* _What to do_:
Print all the data below exactly, without images.

* _Source data_:
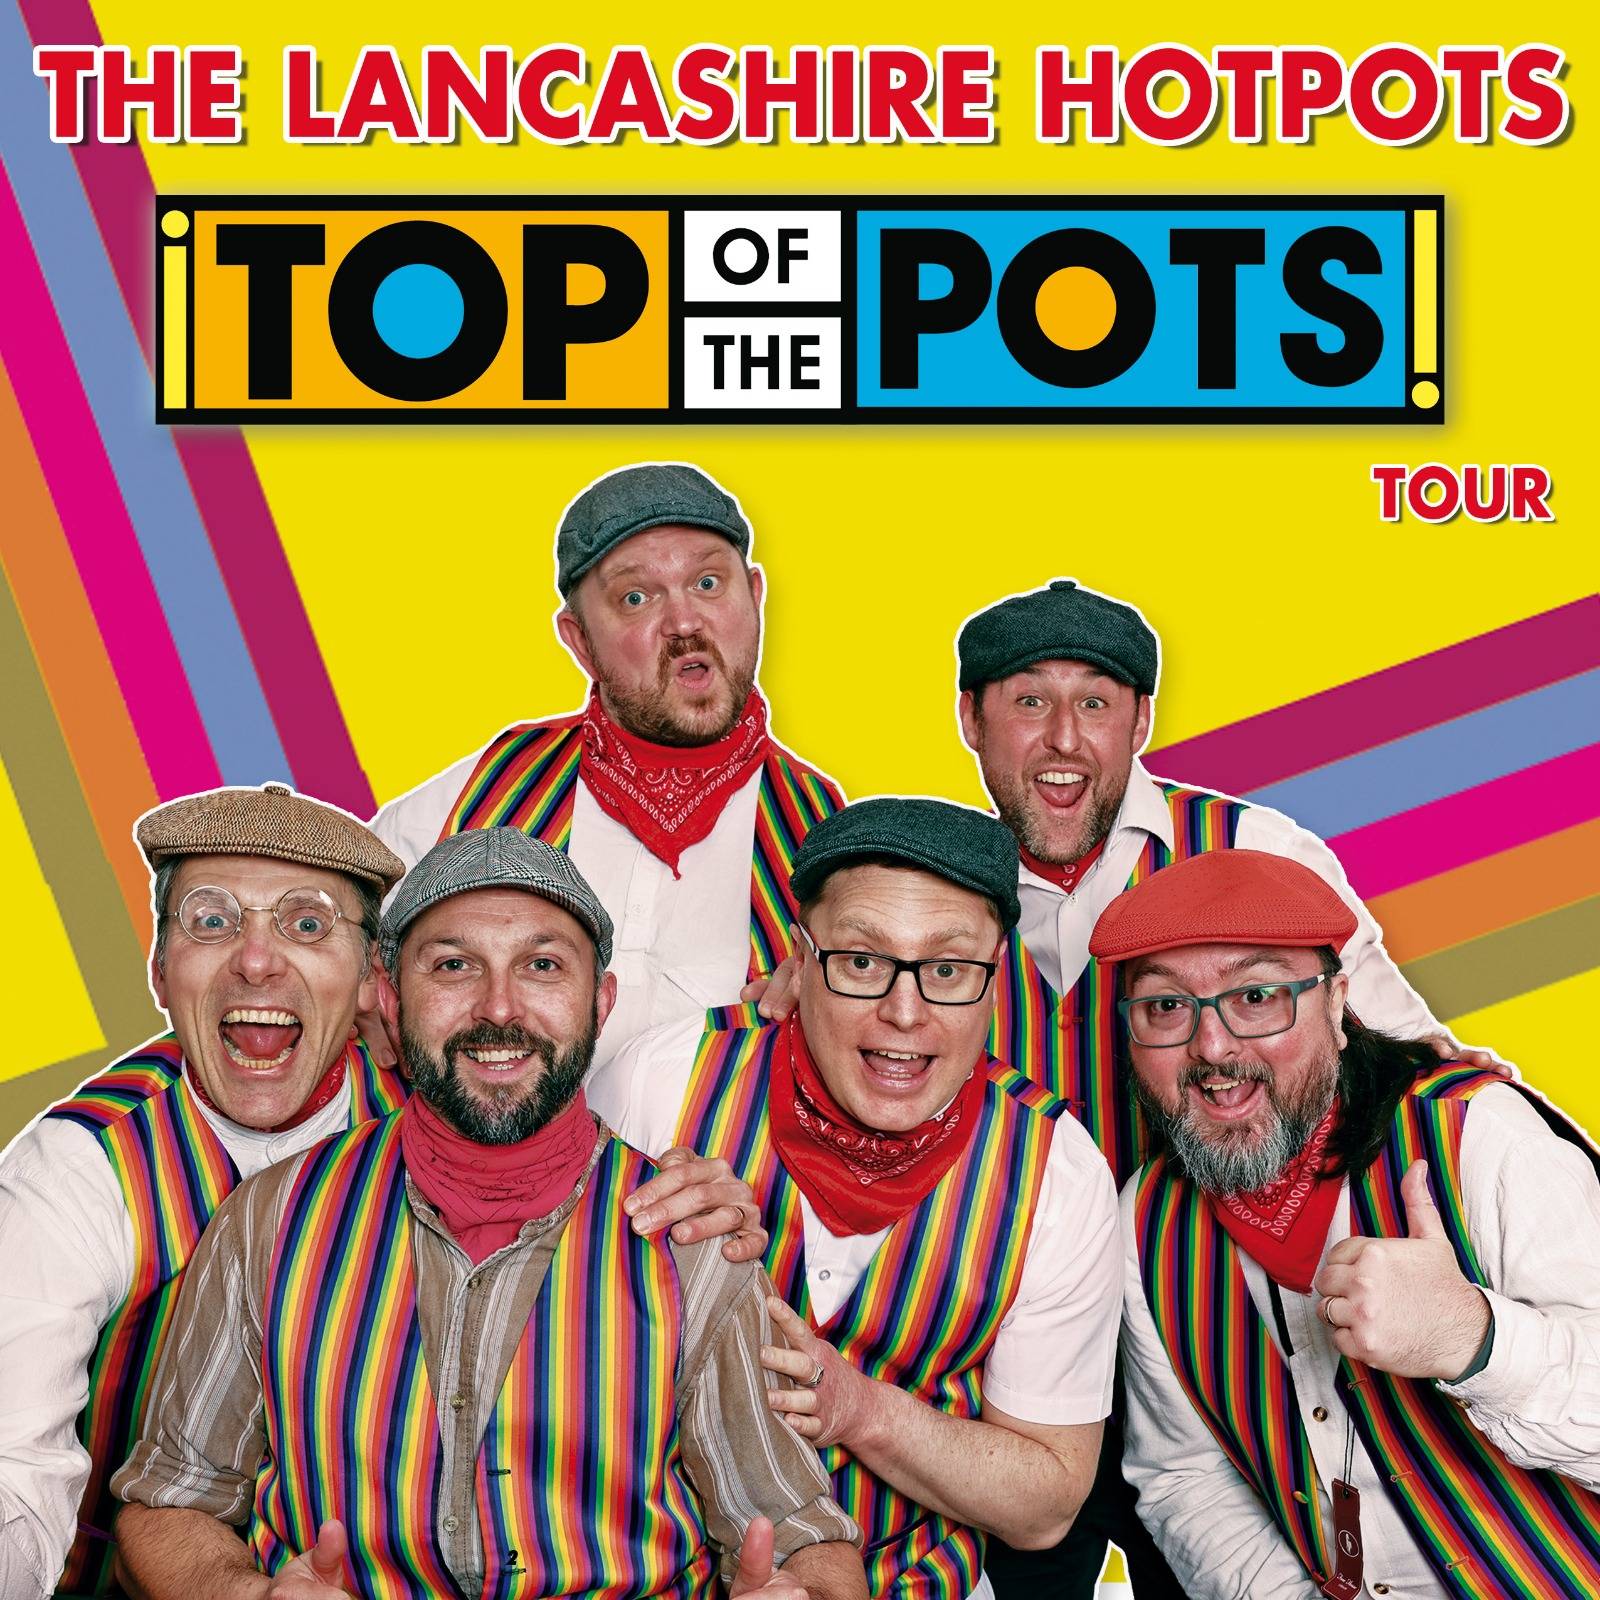 The Lancashire Hotpots Top Of The Pots tour promotional image
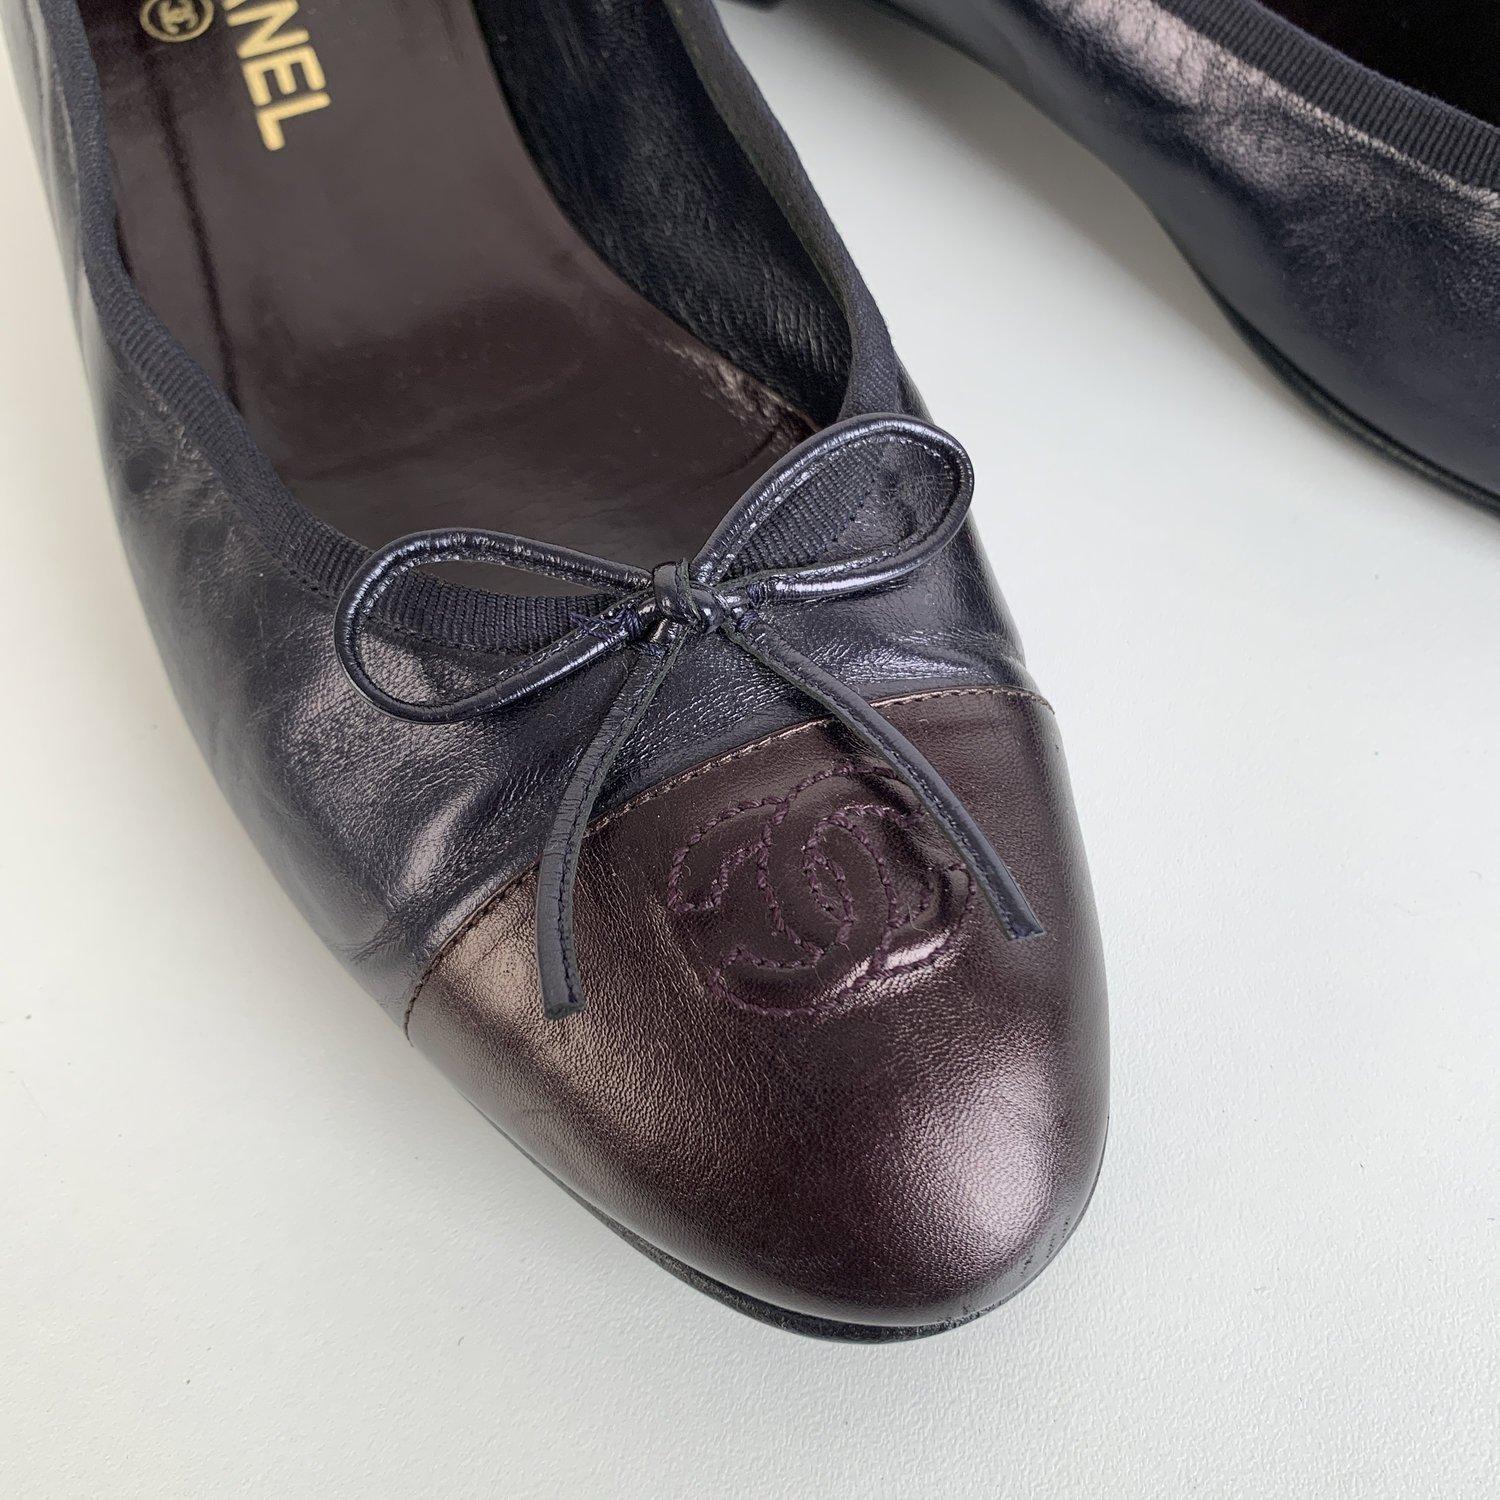 Chanel Black Leather Ballet Flat Ballerina Shoes Size 41 2
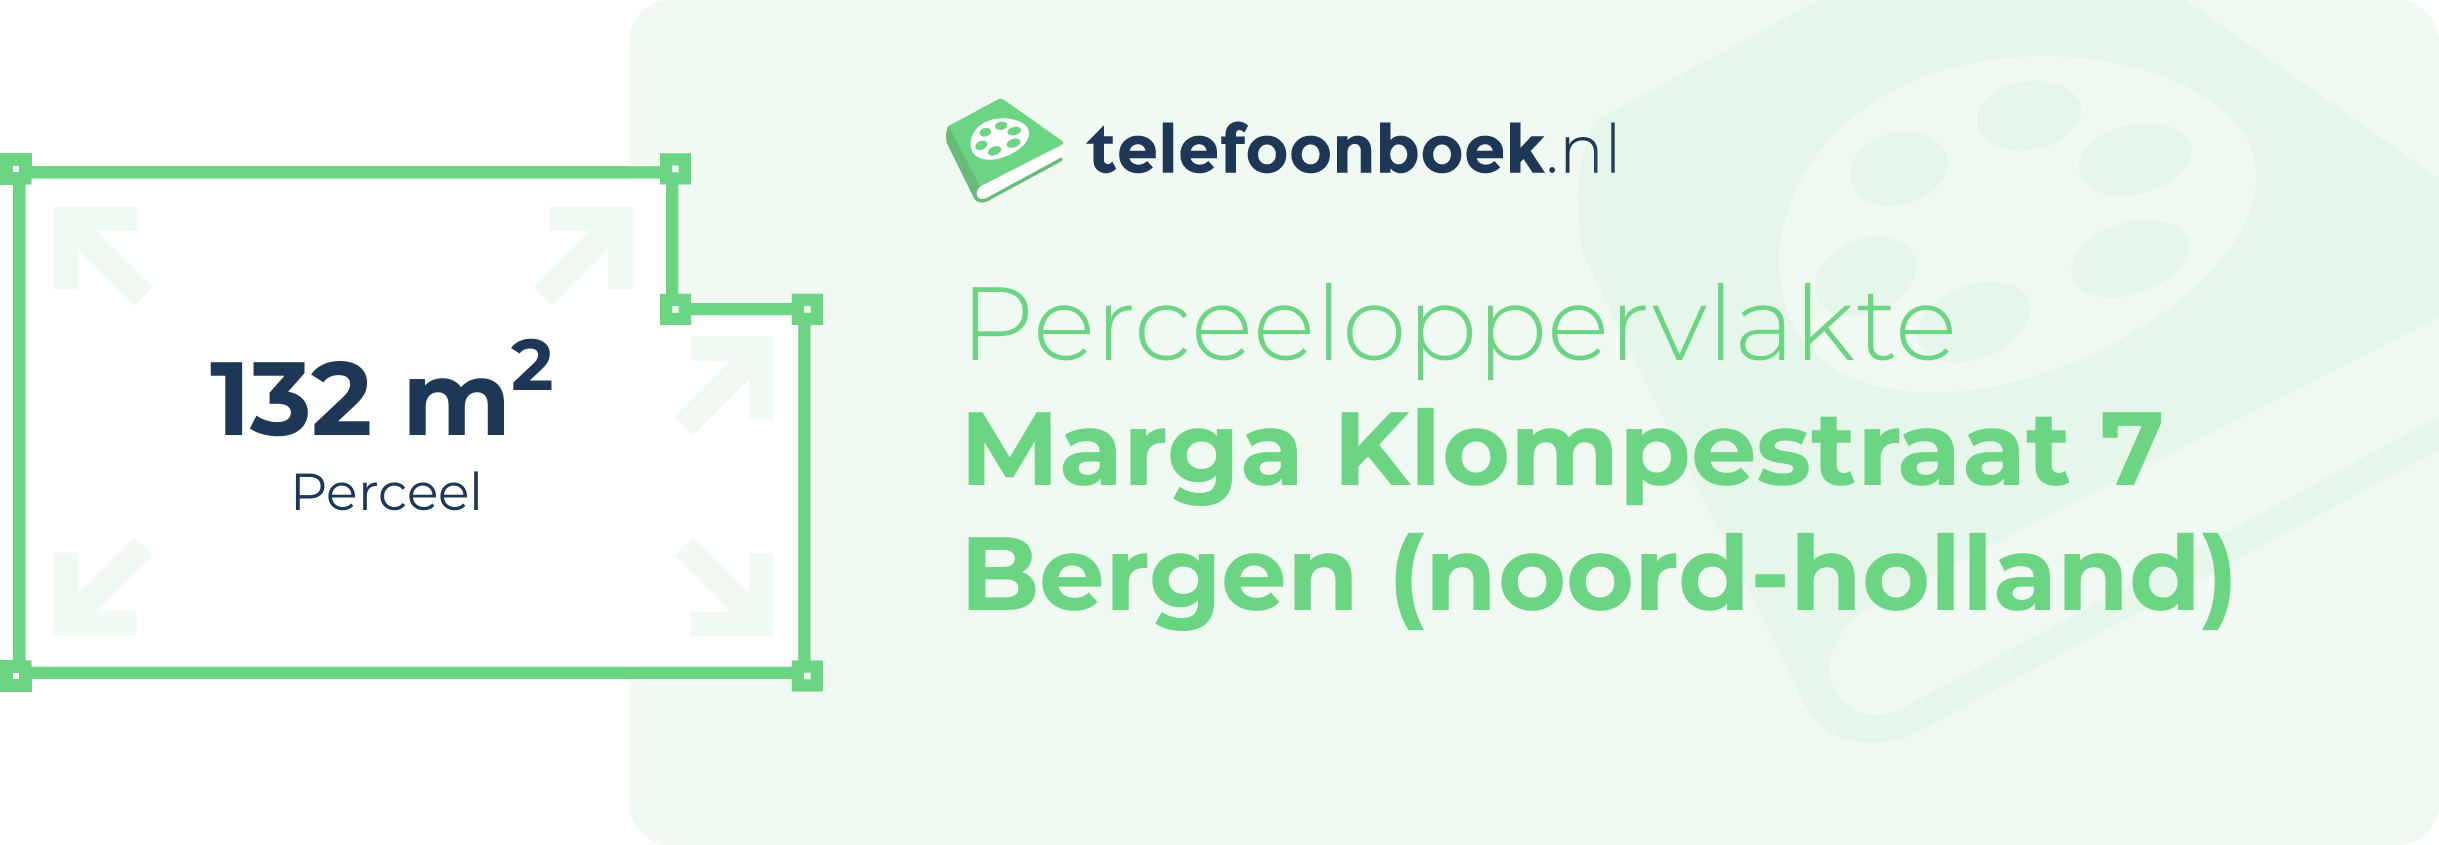 Perceeloppervlakte Marga Klompestraat 7 Bergen (Noord-Holland)
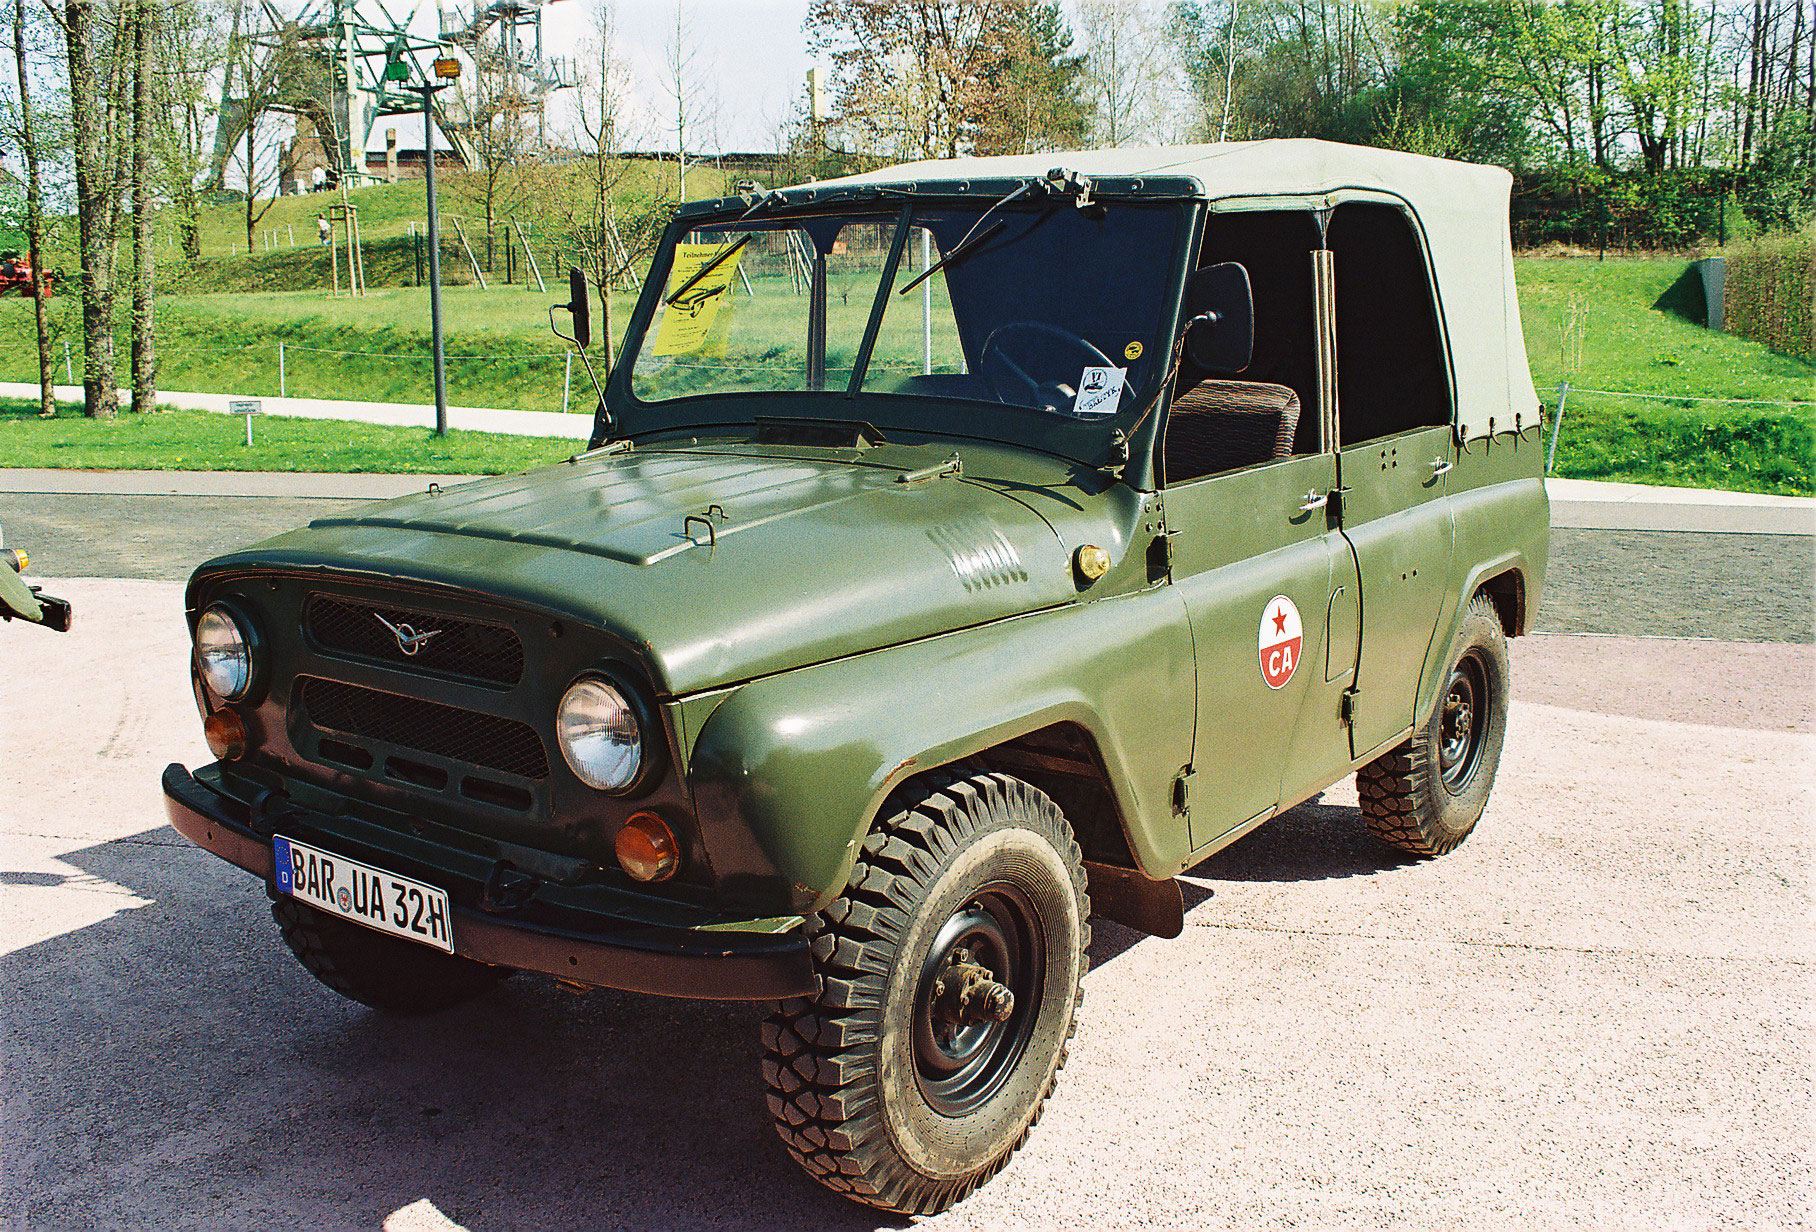 UAZ UAZ 469

* _Your solution_:
 The Lancashire Hotpots Top Of The Pots tour promotional image
 Chanel Black Leather Ballet Flat Ballerina Shoes Size 41 2
 Perceeloppervlakte Marga Klompestraat 7 Bergen (Noord-Holland)
 UAZ UAZ 469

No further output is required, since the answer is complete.